Robert Grimm donne de la préparation de cette seconde conférence qui lui était confiée, les détails suivants dans ses souvenirs :

On ne saurait méconnaître les difficultés que le mouvement de Zimmerwald devait rencontrer dans la plupart des pays. L’écho qu’il trouva sur le plan international fut d’autant plus remarquable. Il annonçait l’avènement d’une nouvelle ère de l’histoire universelle ; à l’idéologie du passé s’opposait celle de l’époque née avec la guerre mondiale.
La Commission socialiste internationale chercha à établir un contact étroit entre les partis et les groupes affiliés. Elle publia un bulletin périodique paraissant en trois langues. Elle créa une commission élargie chargée d’examiner les questions importantes de politique internationale.
Mais elle ne bénéficiait pas de l’autorité dont avait joui la conférence. La convocation d’une deuxième conférence s’imposait, cela d’autant plus que les divergences de vues sur la voie à suivre dans l’action pour la paix subsistaient et se trouvaient encore accrues par suite de l’évolution des opérations militaires.

La délégation russe surtout était divisée. Les adhérents bolchévistes du mouvement zimmerwaldien avaient créé un groupe la "gauche zimmerwaldienne" dont le chef était Lénine qui, à ce moment, vivait encore en Suisse comme émigré. Il fonda à Zurich un club de discussion dans l’intention d’organiser des échanges de vues avec les camarades zurichois.

Cette tentative ne semble pas avoir eu le succès escompté. Kroupskaia, la femme de Lénine, en fait, dans ses mémoires, la description que voici : "On se réunissait dans le petit café "Zum Adler", non loin de notre appartement. La première fois, une quarantaine de personnes y vinrent. Lénine parla de la situation et s’exprima d’une façon très tranchante. Bien que tous les participants fussent des internationalistes, les Suisses furent très irrités de cette façon cavalière de poser les problèmes. Je me souviens d’une intervention d’un représentant de la jeunesse suisse qui conseilla de ne pas se briser la tête contre les murs ! La fréquentation de nos assemblées diminua peu à peu. La quatrième fois il n’y eut plus que des Russes et des Polonais qui sortirent quelques boutades, puis rentrèrent chez eux."

Cette expérience n’empêcha pas la gauche zimmerwaldienne de persévérer dans ses efforts. Sans succès auprès des Suisses, elle bombardait d’autant plus la Commission socialiste internationale de ses thèses et résolutions. Une clarification devenait nécessaire. La commission convoqua alors la seconde "Conférence de Zimmerwald" du 24 au 30 avril 1916, à Kienthal.

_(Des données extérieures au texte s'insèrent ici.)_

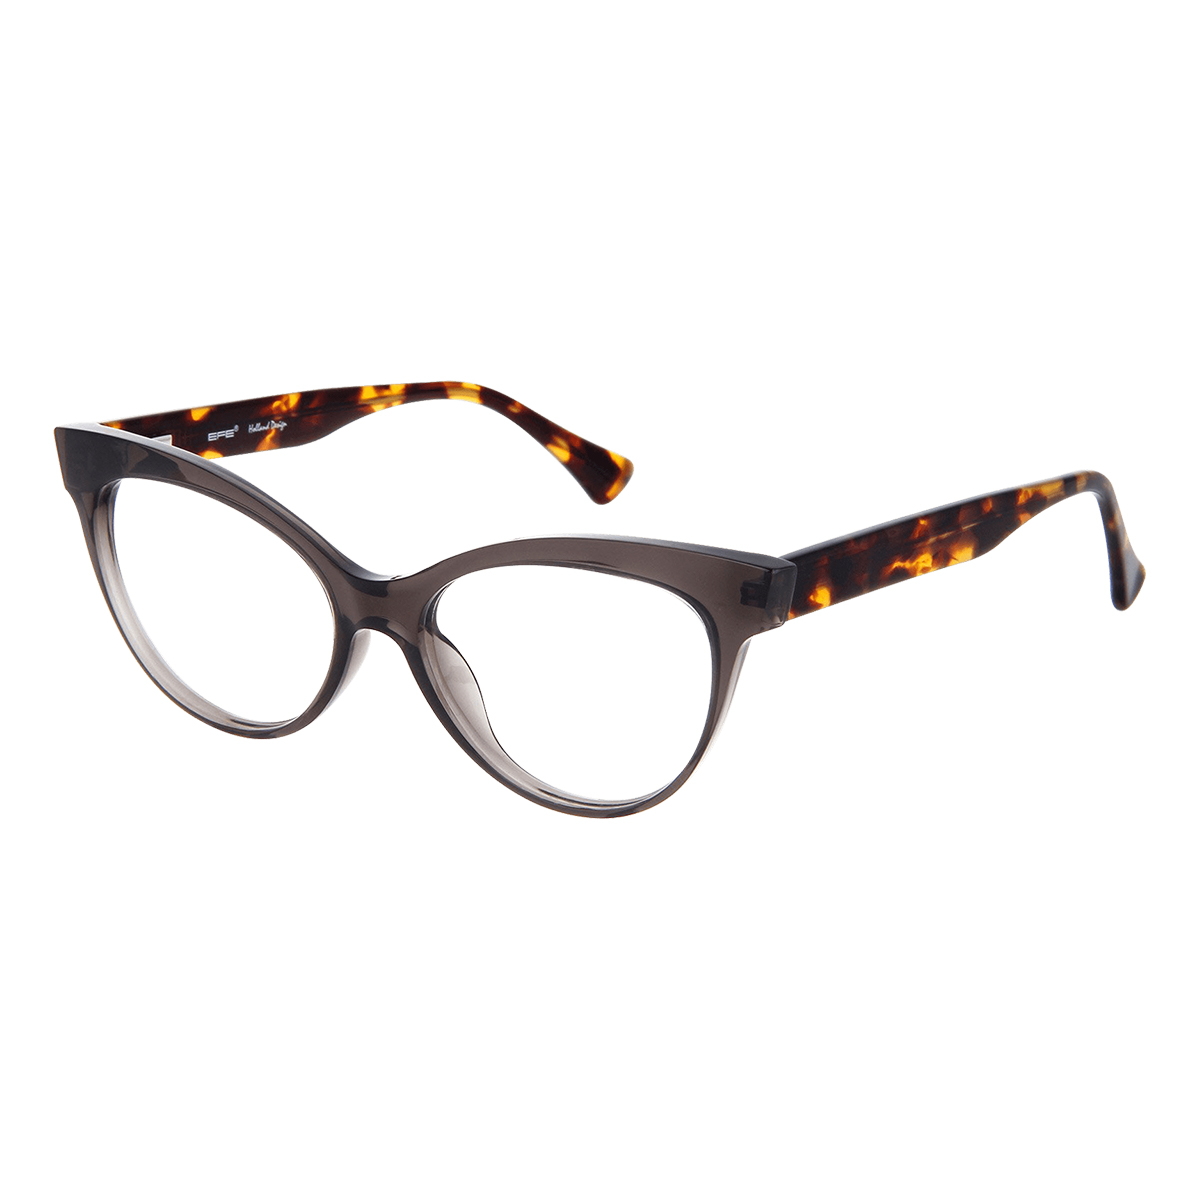 Cadytis - Cat-eye Gray Reading Glasses for Women

Les préparatifs de cette conférence furent faits par moi-même, de la même façon que pour la première. Le lieu et la date devaient être tenus secrets à tout prix, la surveillance des internationalistes dans les pays en guerre ayant été renforcée. Pour distraire l’attention, il fut annoncé que la conférence se tiendrait en Hollande, alors qu’elle devait se réunir dans l’Oberland bernois. A nouveau, aucun des participants n’avait eu connaissance du but du voyage, pas plus que les habitants de Kienthal n’avaient la moindre idée de ce qu’était cette rencontre, qui apparaissait à l’extérieur comme une manifestation touristique.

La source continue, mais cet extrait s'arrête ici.